DeANNA STEPHENS (Featured Poet) 

The sister had left her girlhood snagged on a white oak before the brother claimed his thirties. Around their mother’s cast-iron fire, he welcomed his wife and the thought of the son, growing flaxen and hale in the birth mother’s womb. In a photo of an egg hunt, this child will triumph, his basket rich with green and violet. Around his head, two clouds will fix a chute of sun, a diadem discerning him from dark-haired cousins. The sister looked through window, through trees, for something white, or maybe grey by now, trembling between trunks. And the mother hated the brother’s offering of cake on a Melmac tray, his stirring of cinders toward the low plank ceiling. She said birds ought to warble in trees, but this one, a gift from him, plucked the bars of its cage and roused her from dreams of their father.

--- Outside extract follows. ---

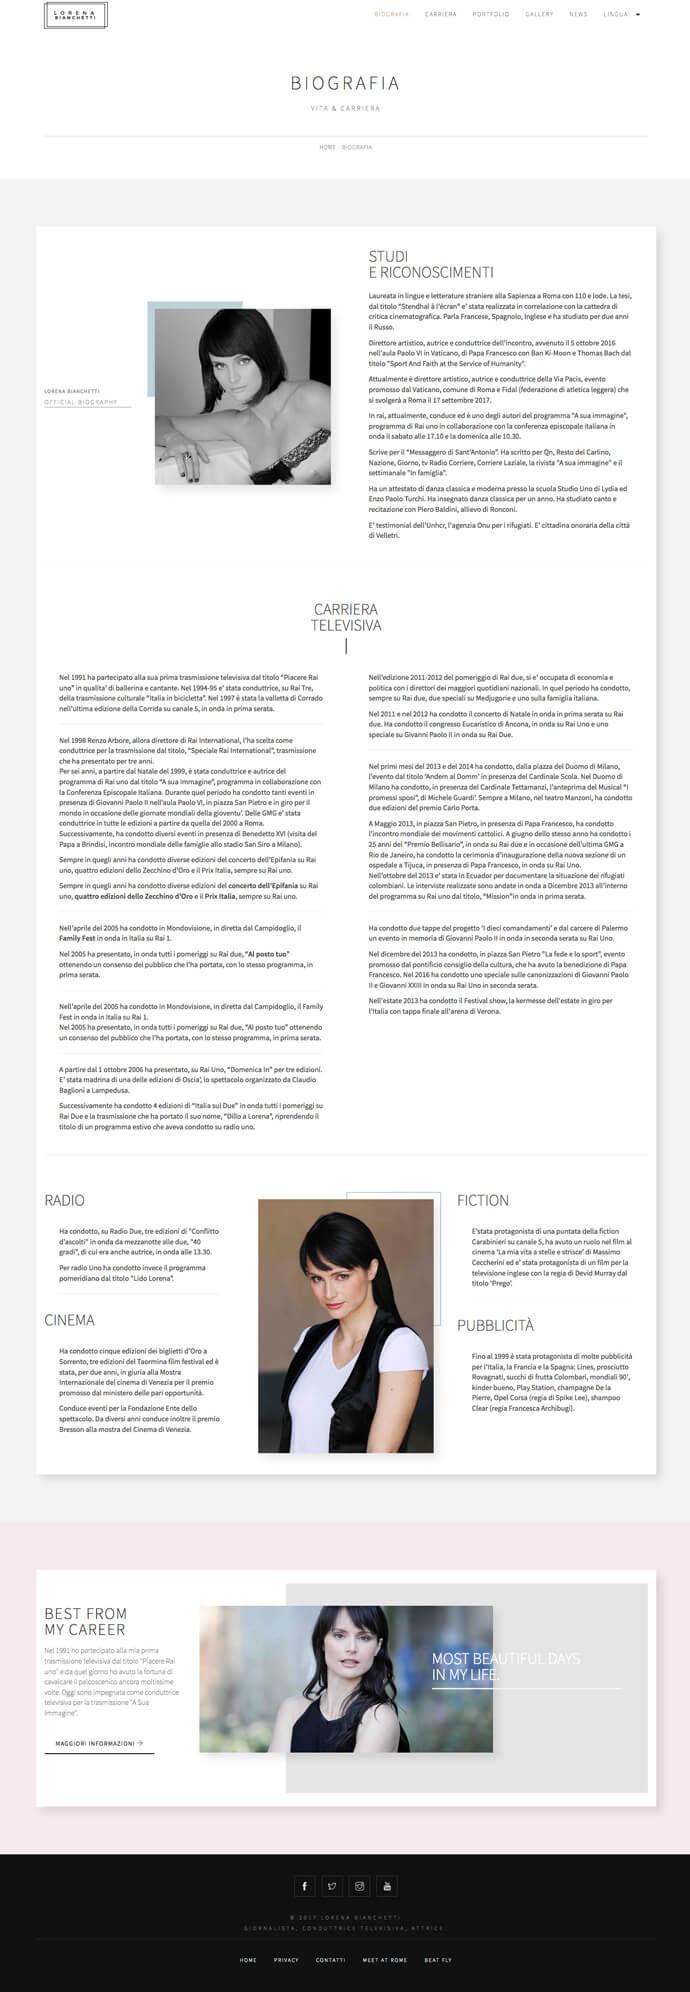 lorena-bianchetti-biografia

The brother clutched his mother’s complaint in a fist, snatched it cleanly from its cage, plucked canary head from beryllium-winged body and pitched them into the fire before anyone could breathe a startled syllable. No one but the year-younger sister remembered. How he had flouted bed rest and mumps, somersaulted the length of his narrow bed, over motherly warnings of the ways his disease ruined little boys. How furtively he traversed the woods, muting twigs underfoot, an indigenous stealth inherited by males and used for hunting his sister each time he whispered nightmares to no one but her: bombers droning in clouds above their farm, leagues of children singing and circling campfires built by men—each flame a singular furor the size of a boy his own age, tribute to the rule of piecemeal reform and the muscle reaped by surprise maneuvers. Even urgings of terror fainter than blitzkriegs bred contentment once my mother cried— her voice rasping the bark of a well-climbed oak— once Sister thrashed or whimpered, ceded to the calloused grip of Brother, his palm’s tender bull’-eye sealing her breath.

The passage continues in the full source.